Conta-nos que que nessa primeira fase houve uma “corrida desenfreada a alguns produtos” que foi normalizando à medida que era dada mais informação sobre a situação do país.
As máscaras foram entretanto implementadas, primeiramente só para os funcionários mas, numa segunda fase, também para os clientes.
Sobre a possível inquietação dos funcionários, Aureliano Faria explica que no início “foi complicado” mas que agora “estamos mais calmos”. A equipa continuou toda a trabalhar e passou por alguns momentos de maior tensão e incerteza. Ainda assim, o proprietário reconhece que “tivemos a sorte de poder trabalhar”.
Também a loja do Grupotico, no centro das Maia, manteve o funcionamento. Cidália Alves, responsável de loja, explica que “por serem um serviço de saúde” tiveram “pelo menos de manter os serviços mínimos”. Estes serviços foram mantidos pela própria Cidália Alves visto que todos os seus colegas foram para casa aquando do fecho das escolas.
A responsável explica que na segunda metade do mês de março atendeu “muito poucas pessoas, só casos urgentes”. Em abril o movimento foi aumentando e o mês de maio esteve “quase em níveis normais”.

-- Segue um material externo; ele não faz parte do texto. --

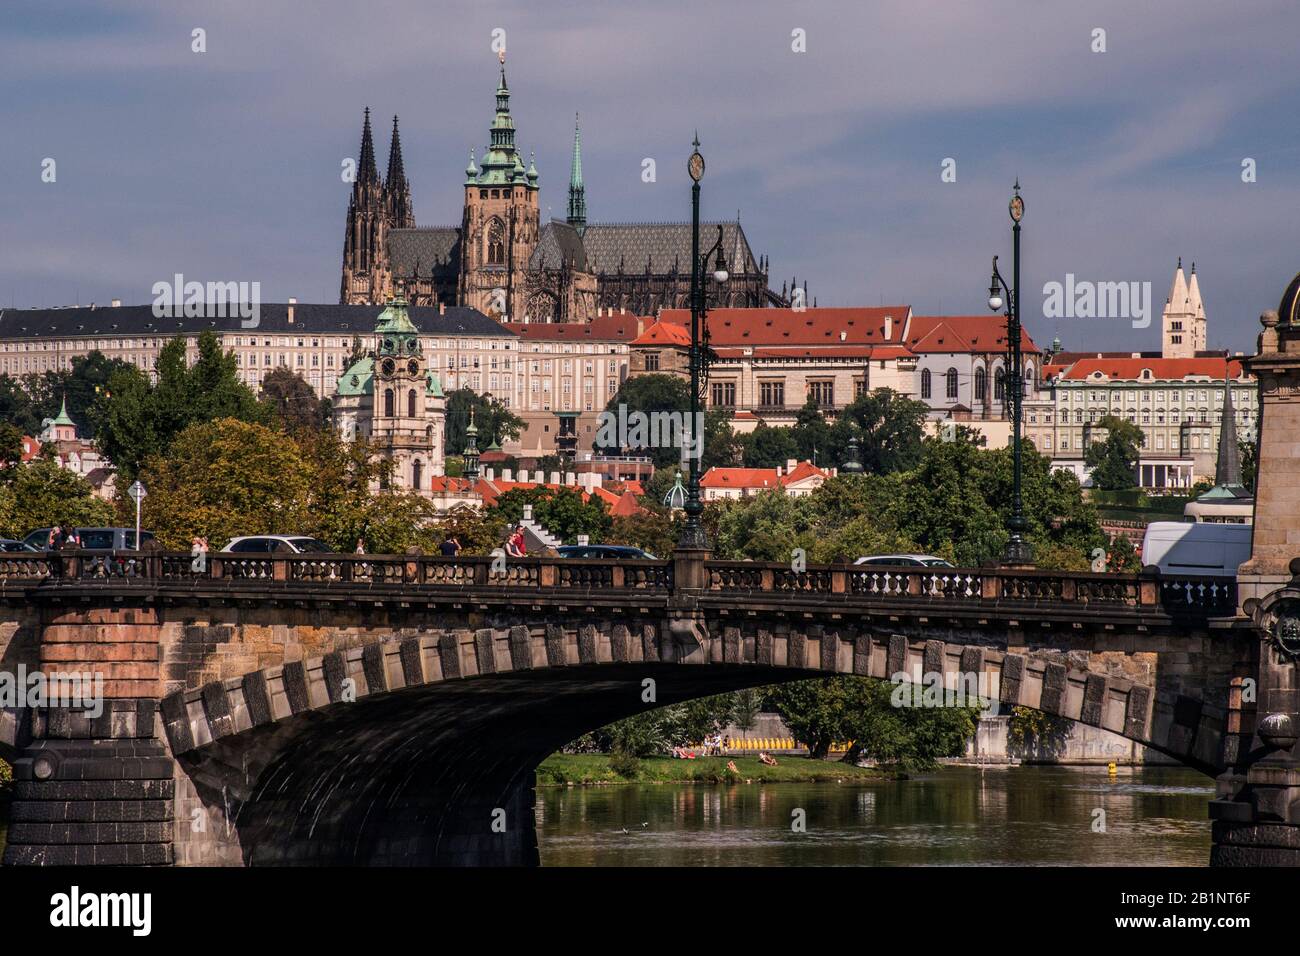 Charles Bridge Over Vltava River In City Of Prague Czech Republic Stock Photo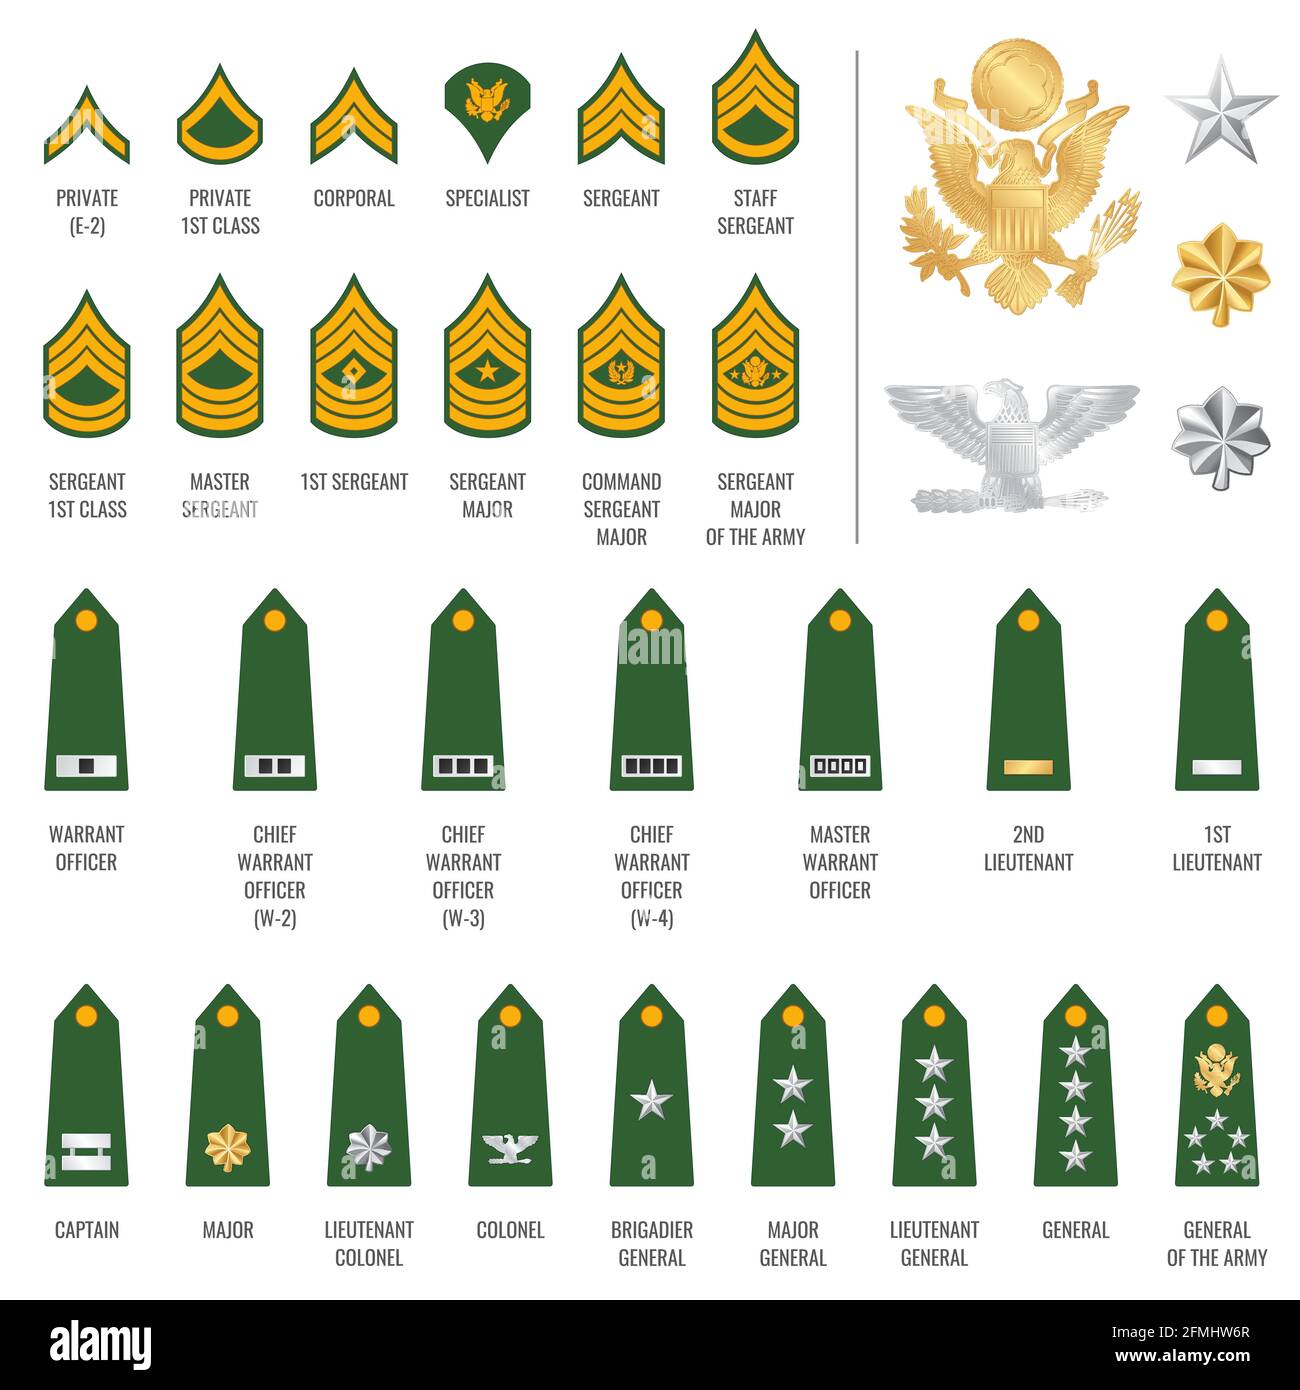 Genuine U.S army rank officer 2nd lieutenant insignia badge USA military pins

Apesar de nunca terem fechado portas, o uso da máscara só foi implementado aquando da apresentação do Plano de Desconfinamento que dava indicações nesse sentido. A higienização do espaço e das mãos foi das primeiras medidas a serem aqui praticadas.
Sobre o possível receio dos clientes, Cidália Alves explica que “neste momento as pessoas vêm sem qualquer receio” e que “o facto de serem clientes que já conhecem o espaço ajuda a ter essa confiança no serviço”.
O que pensam os empresários?
Inácio Fialho de Almeida, presidente da Associação Empresarial da Maia (AEM), explicou que “as pessoas continuam com algum receio”, mas “há bastante atividade que já foi retomada”. “Já se nota pelo trânsito”, brincou o também Administrador da Espaço Municipal.
O presidente da AEM entende que as pequenas e médias empresas estão a ter muitas dificuldades. “As grandes já têm os seus planos de contingência definidos com todo o material de proteção e com todas as regras” enquanto que as pequenas e médias empresas se vêm obrigadas a investir nestes materiais de proteção quando “tiveram a atividade parada neste tempo”.
“Nós não prevemos que antes de setembro possa haver uma atividade próxima daquilo que era” – o presidente da AEM afirma que algumas empresas vão manter o teletrabalho por mais algum tempo e que, nesse sentido, tem notado “estão a reagir muitíssimo bem”.
Sobre o futuro, Inácio Fialho de Almeida pensa que “a recuperação em termos económicos será lenta”. Afirma que este ano “não vai chegar ao que estava” e que, “infelizmente”, algumas empresas tiveram de fechar portas e outras “não se vão aguentar e não vão existir em 2021”.